[SUPPLIED INFORMATION — start]

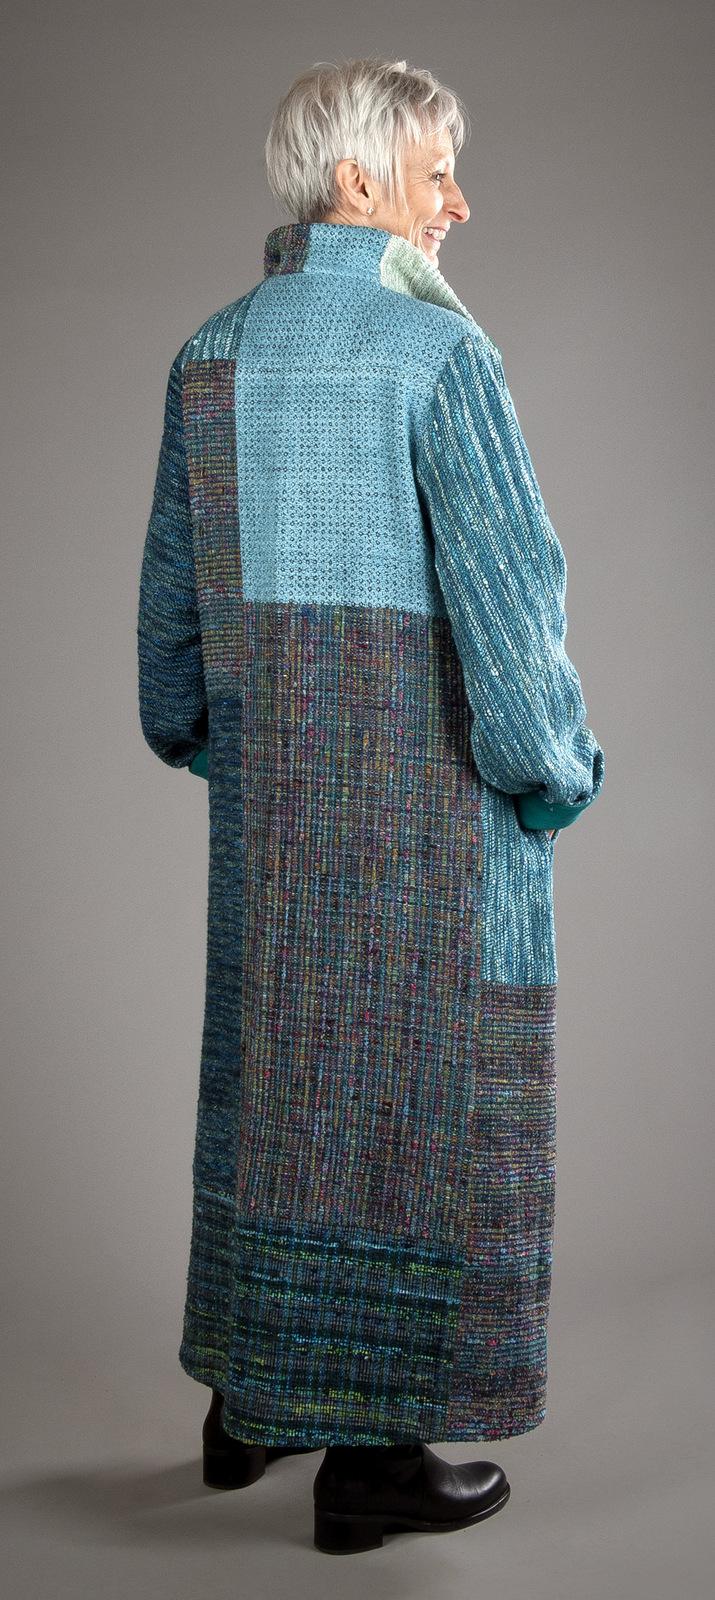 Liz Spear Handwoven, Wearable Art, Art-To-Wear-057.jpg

[SUPPLIED INFORMATION — finish]
[SUPPLIED INFORMATION — start]

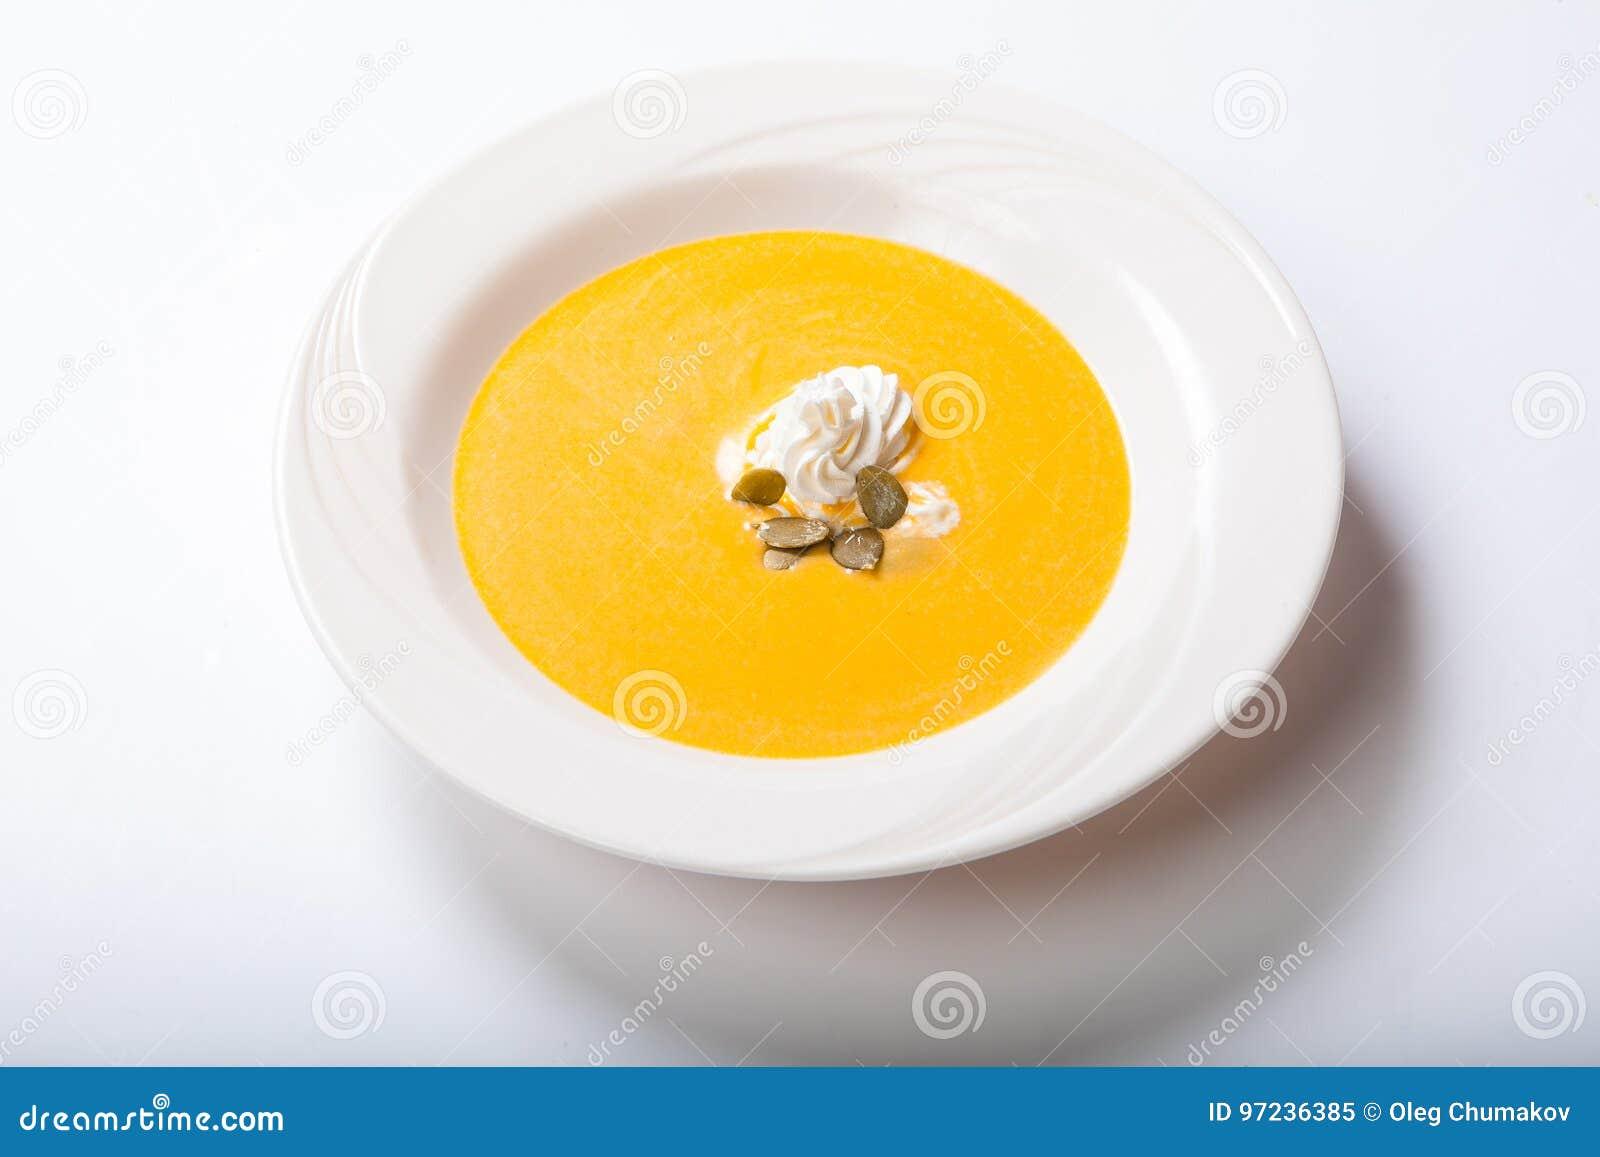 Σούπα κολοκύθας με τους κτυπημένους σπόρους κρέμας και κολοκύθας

[SUPPLIED INFORMATION — finish]
[SUPPLIED INFORMATION — start]

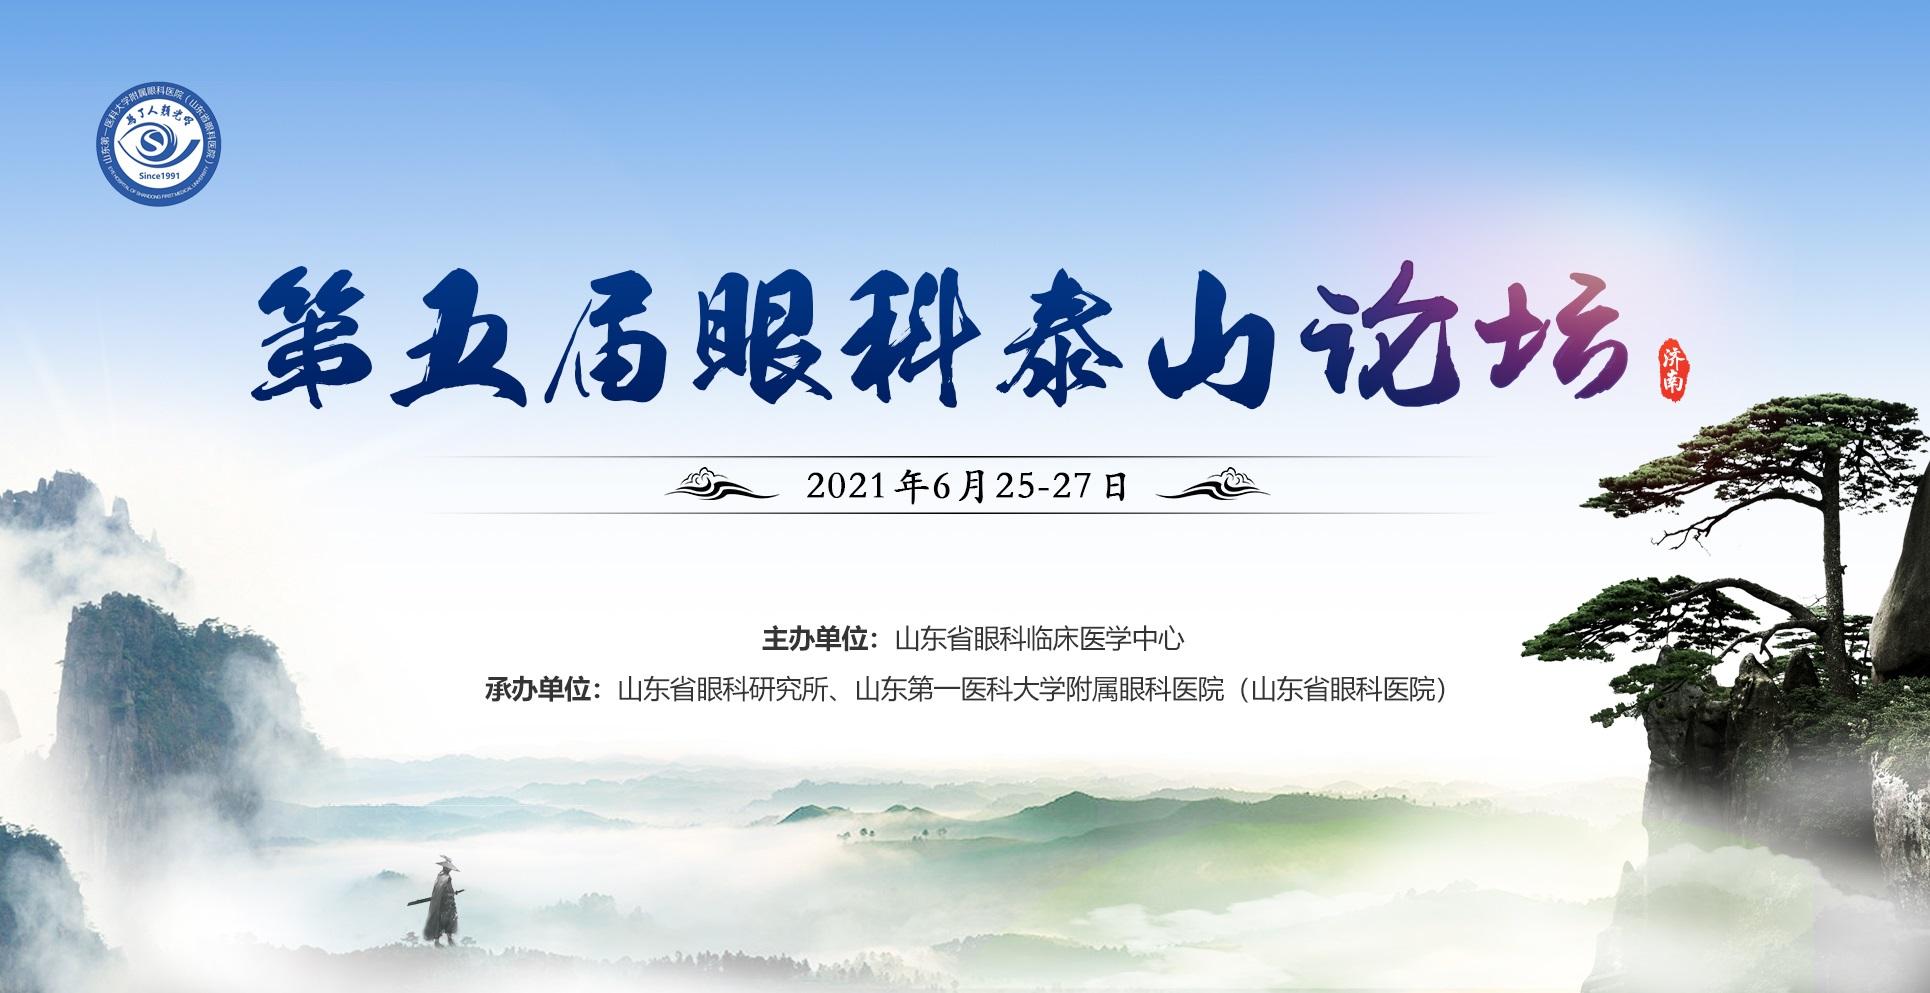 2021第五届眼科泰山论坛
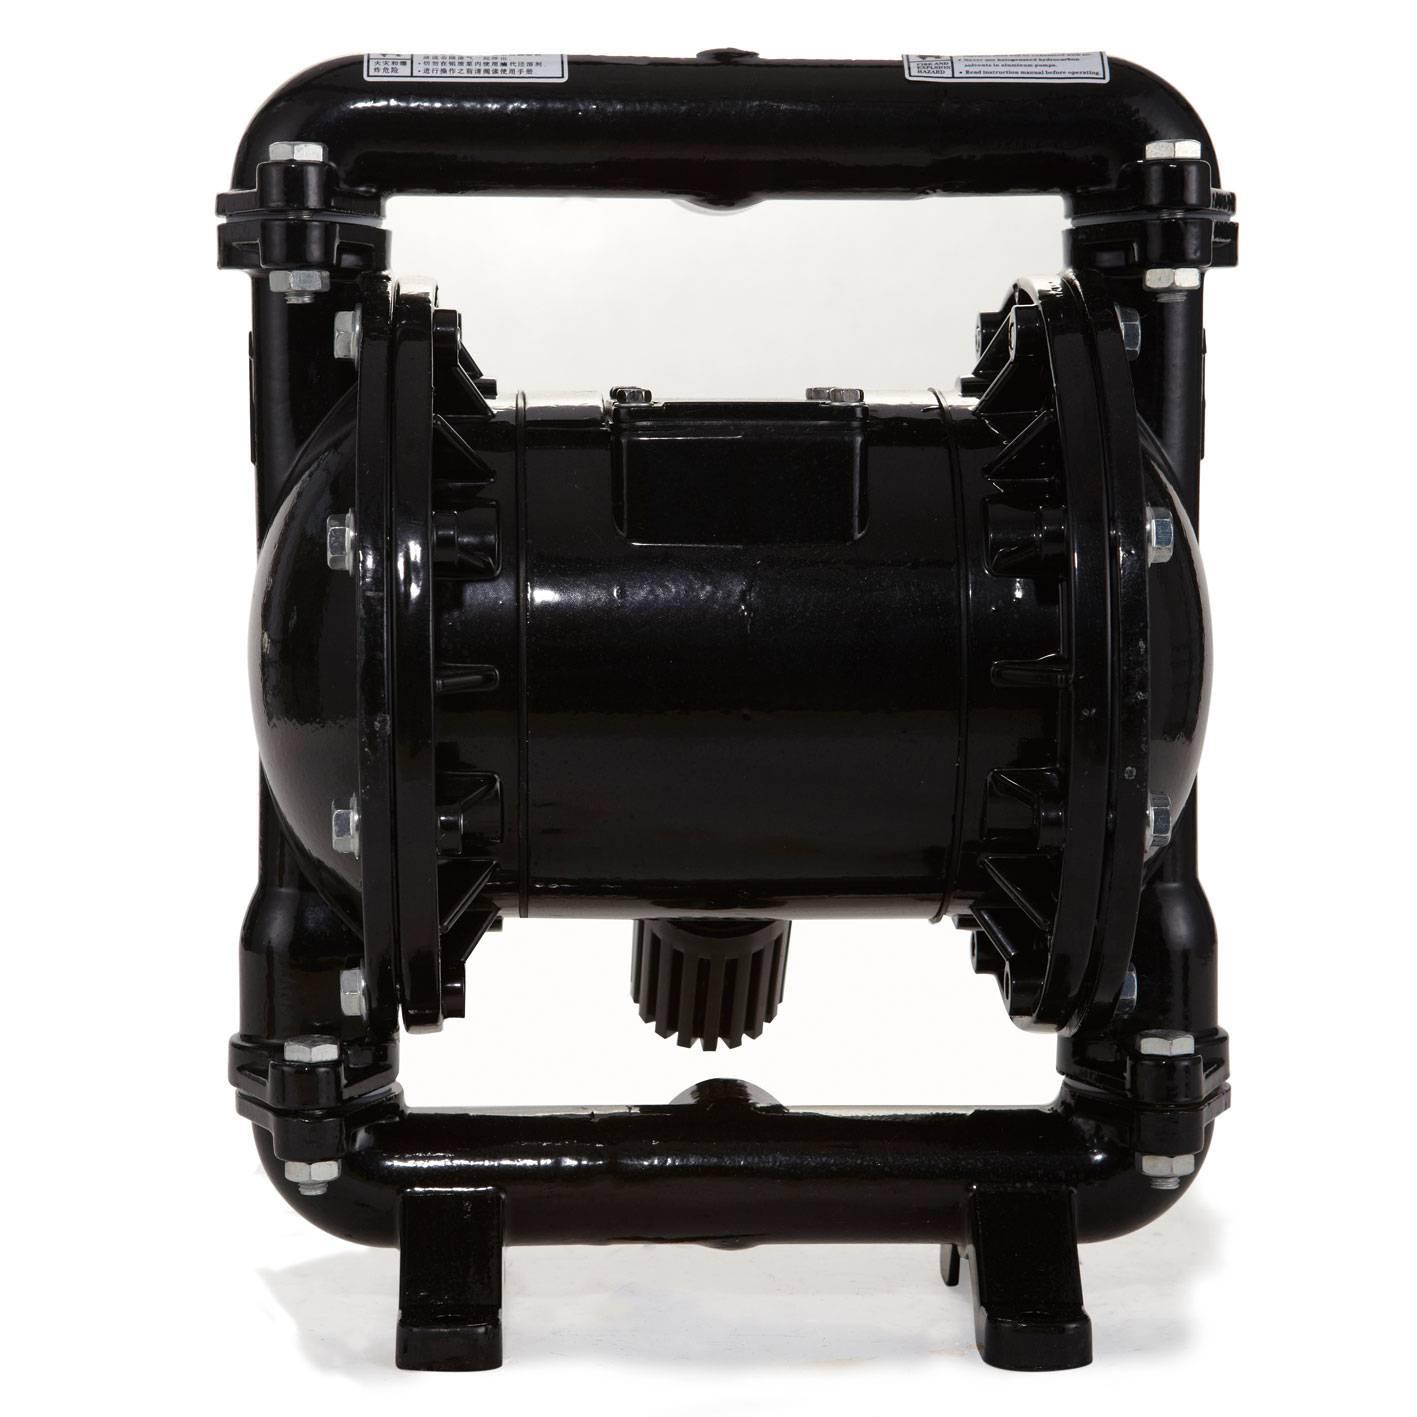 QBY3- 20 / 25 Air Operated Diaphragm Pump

[SUPPLIED INFORMATION — finish]

▶ _WHAT THIS TASK INVOLVES_
Look above for the line containing "2021第五届眼科泰山论坛", then write out every line from there down to the line containing "QBY3- 20 / 25 Air Operated Diaphragm Pump", that line included, with no pictures.

▶ _ANSWER BOX_
 2021第五届眼科泰山论坛
 QBY3- 20 / 25 Air Operated Diaphragm Pump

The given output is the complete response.